> _Aim of the exercise_: Could you write out exactly, and only, the lines from the one containing "Dédale Gothique" through the last line of the data, leaving out all pictures?

[Data records]
○ ○ ○

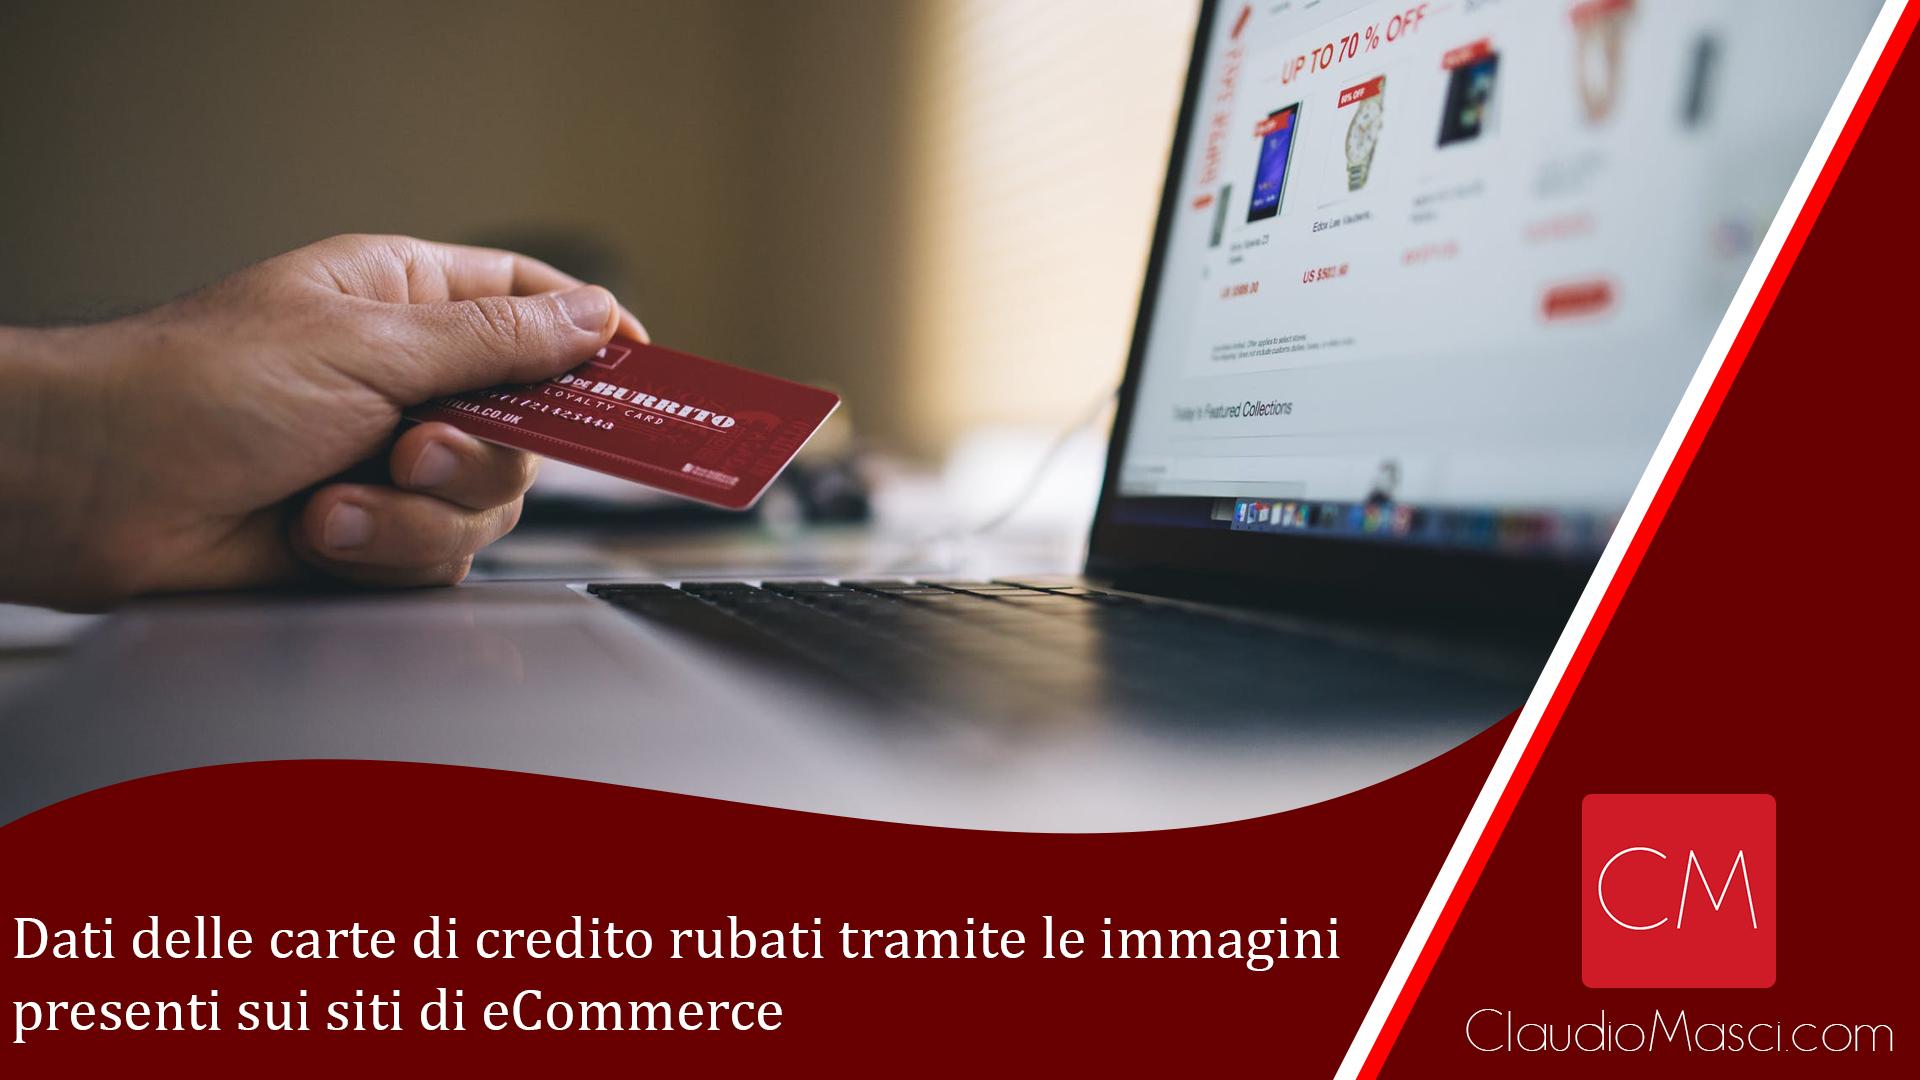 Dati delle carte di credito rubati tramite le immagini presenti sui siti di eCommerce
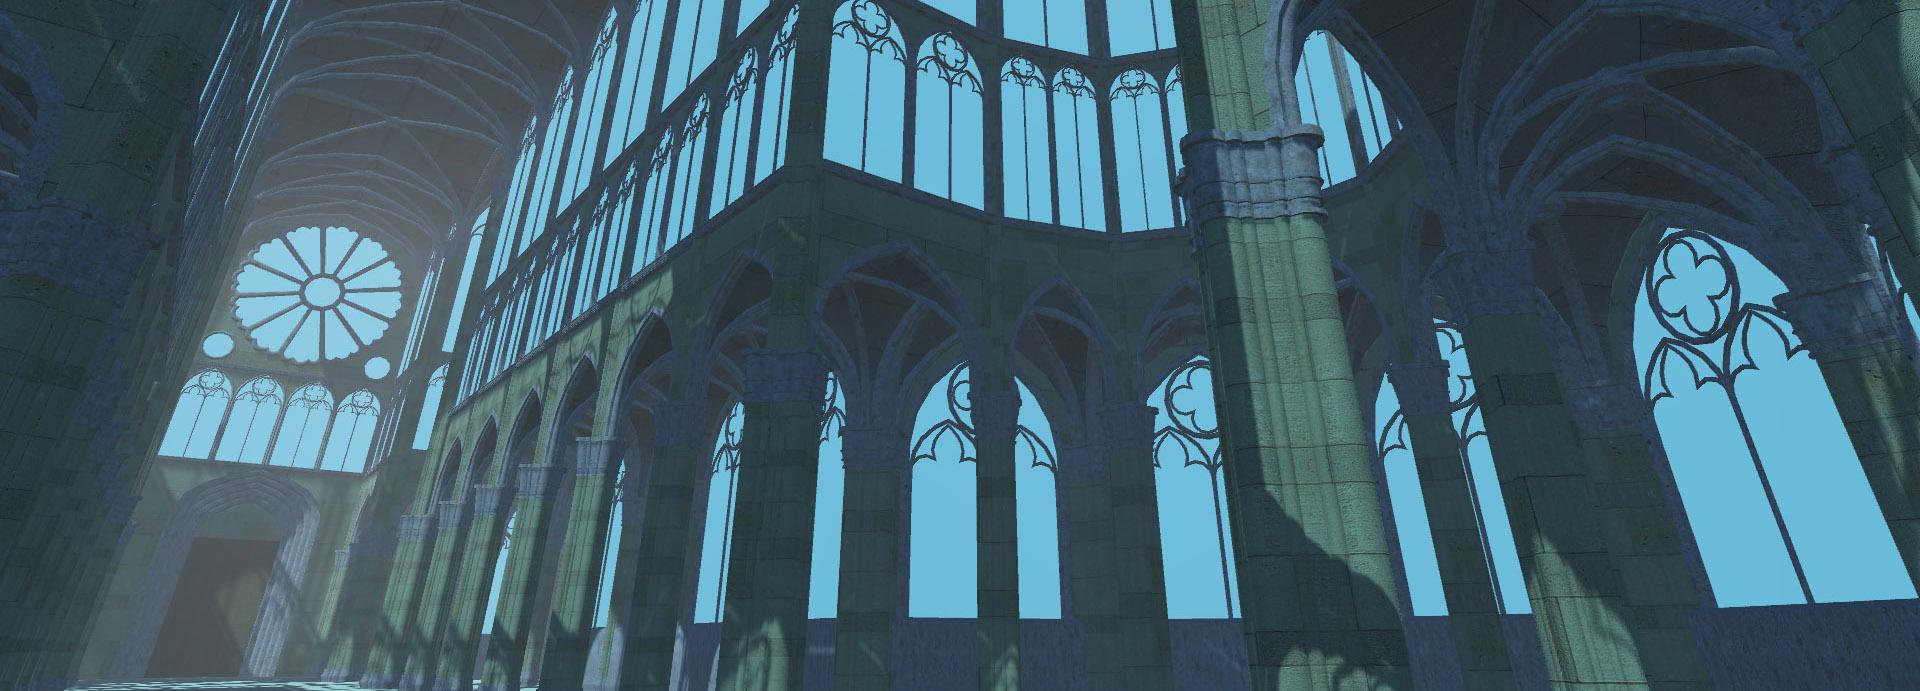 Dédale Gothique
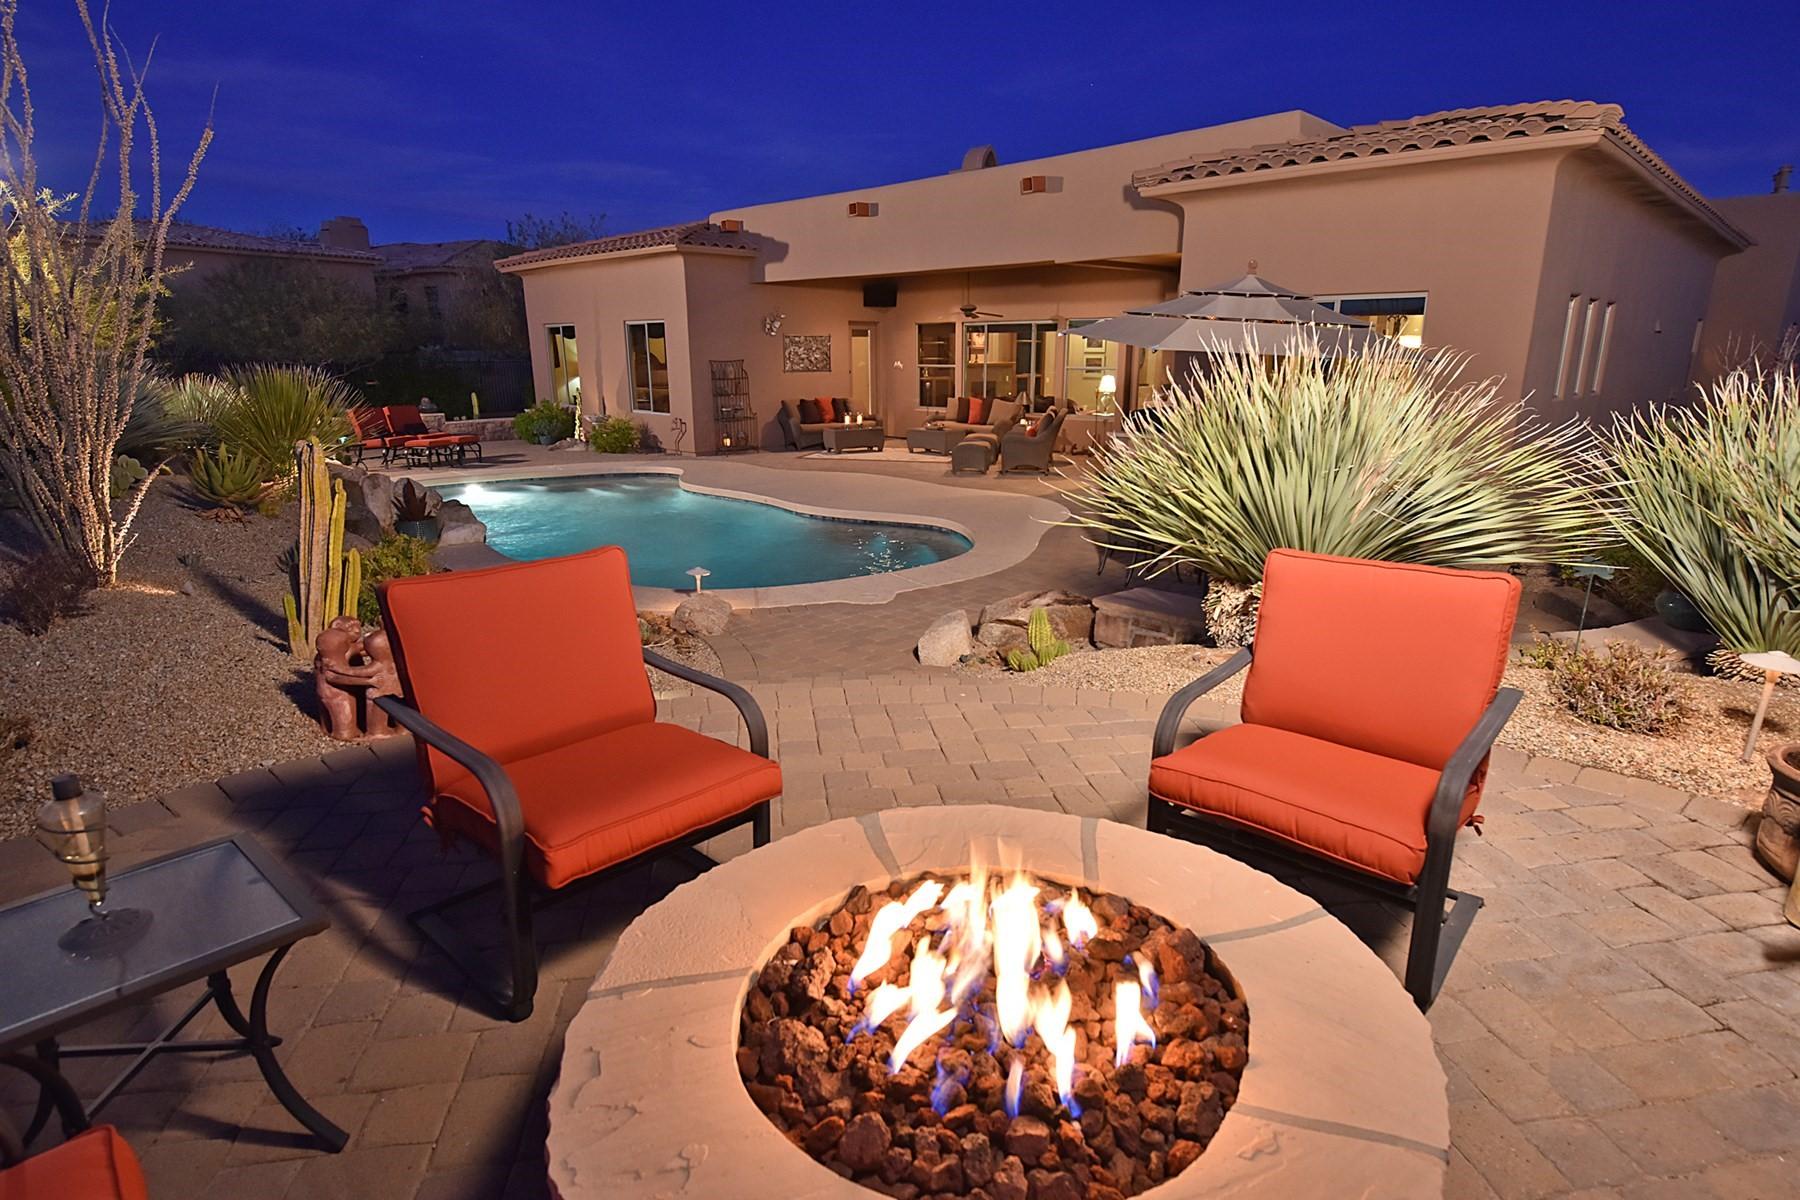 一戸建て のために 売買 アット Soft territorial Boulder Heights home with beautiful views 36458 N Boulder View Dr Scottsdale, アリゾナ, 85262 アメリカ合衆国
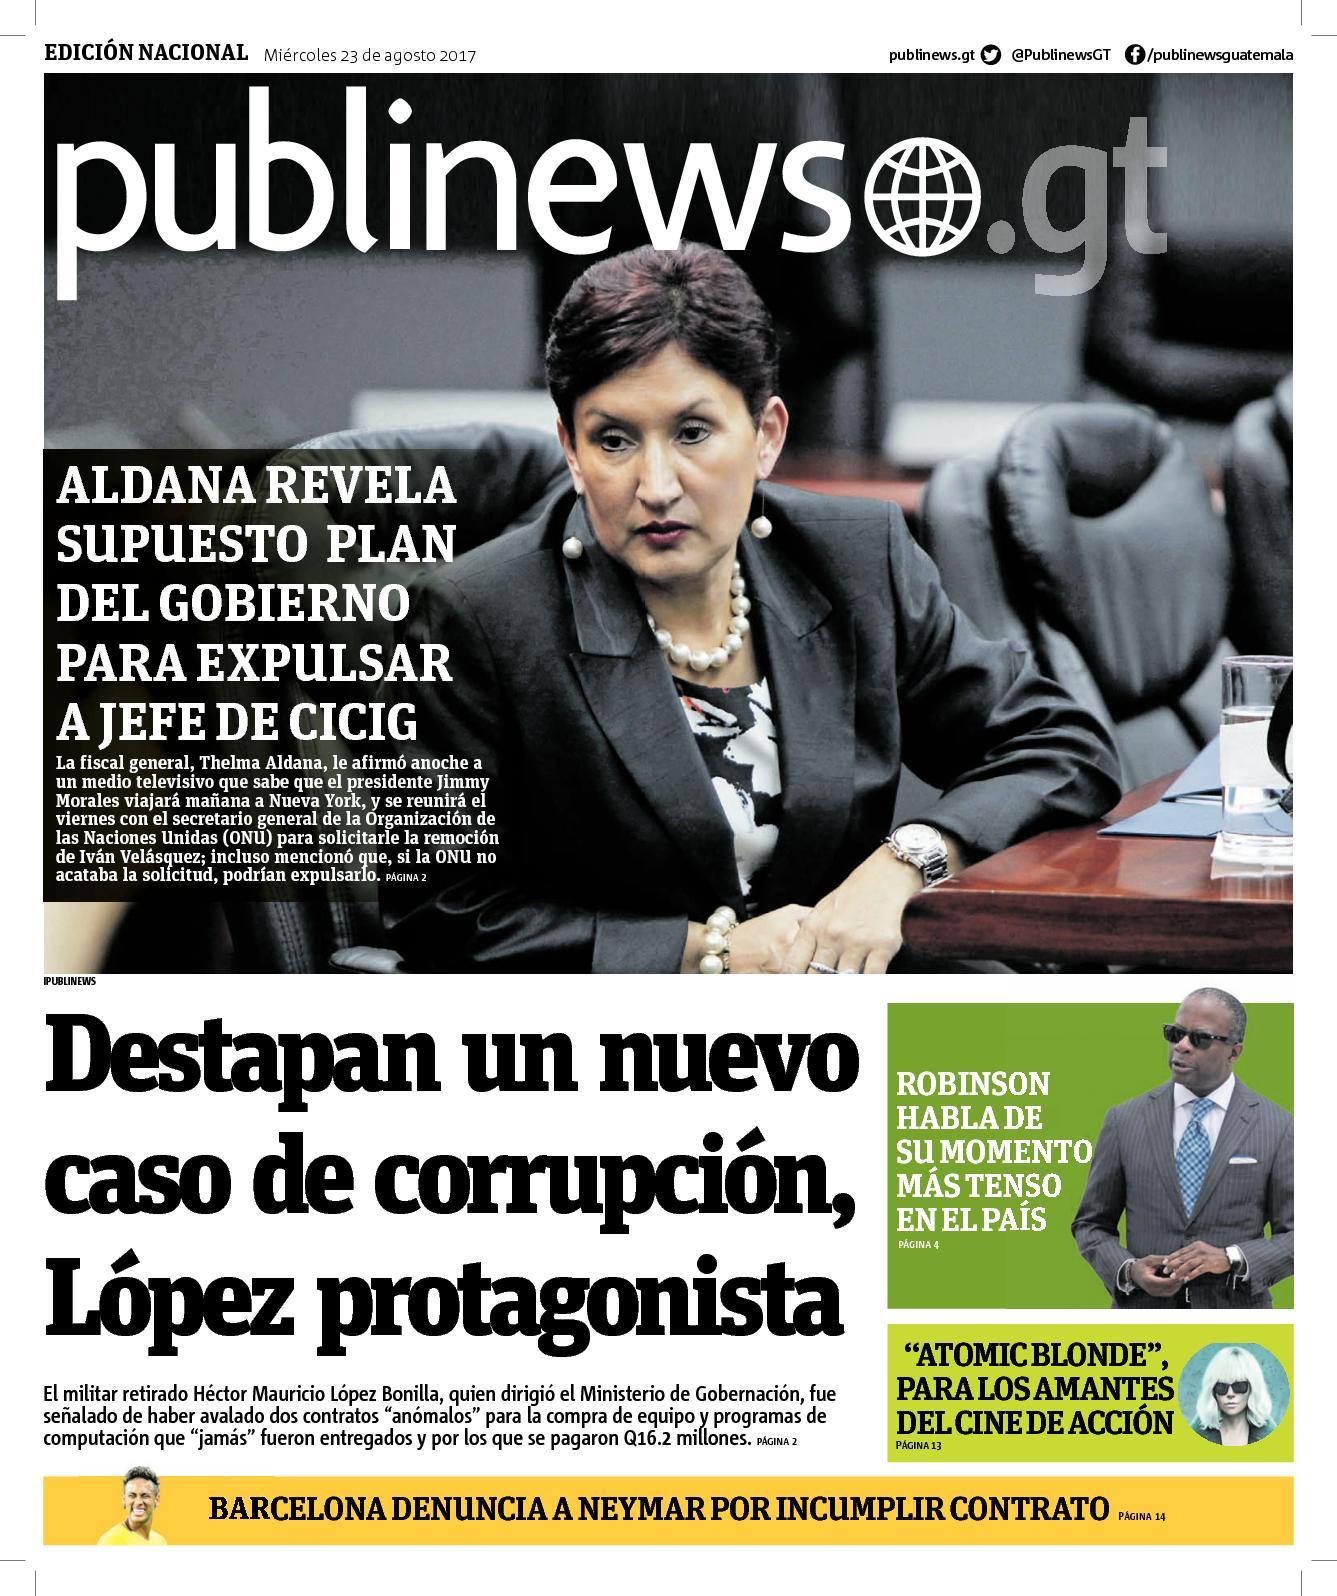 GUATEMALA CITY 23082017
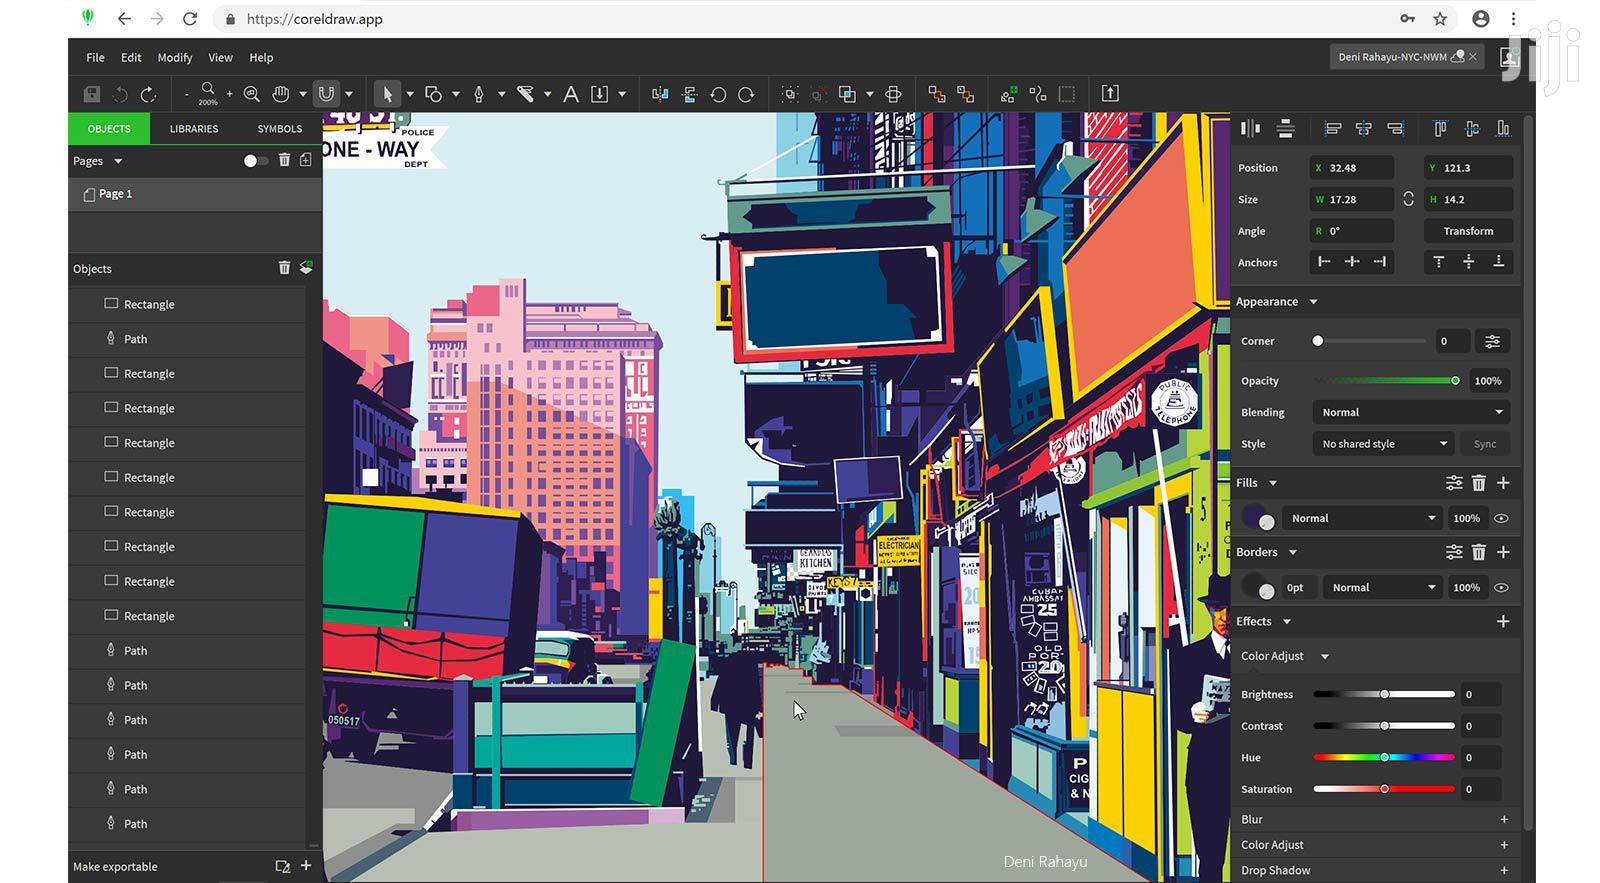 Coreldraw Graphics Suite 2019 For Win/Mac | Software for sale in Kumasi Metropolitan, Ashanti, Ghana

○ ○ ○

> _Task output_:
 Dédale Gothique
 一戸建て のために 売買 アット Soft territorial Boulder Heights home with beautiful views 36458 N Boulder View Dr Scottsdale, アリゾナ, 85262 アメリカ合衆国
 GUATEMALA CITY 23082017
 Coreldraw Graphics Suite 2019 For Win/Mac | Software for sale in Kumasi Metropolitan, Ashanti, Ghana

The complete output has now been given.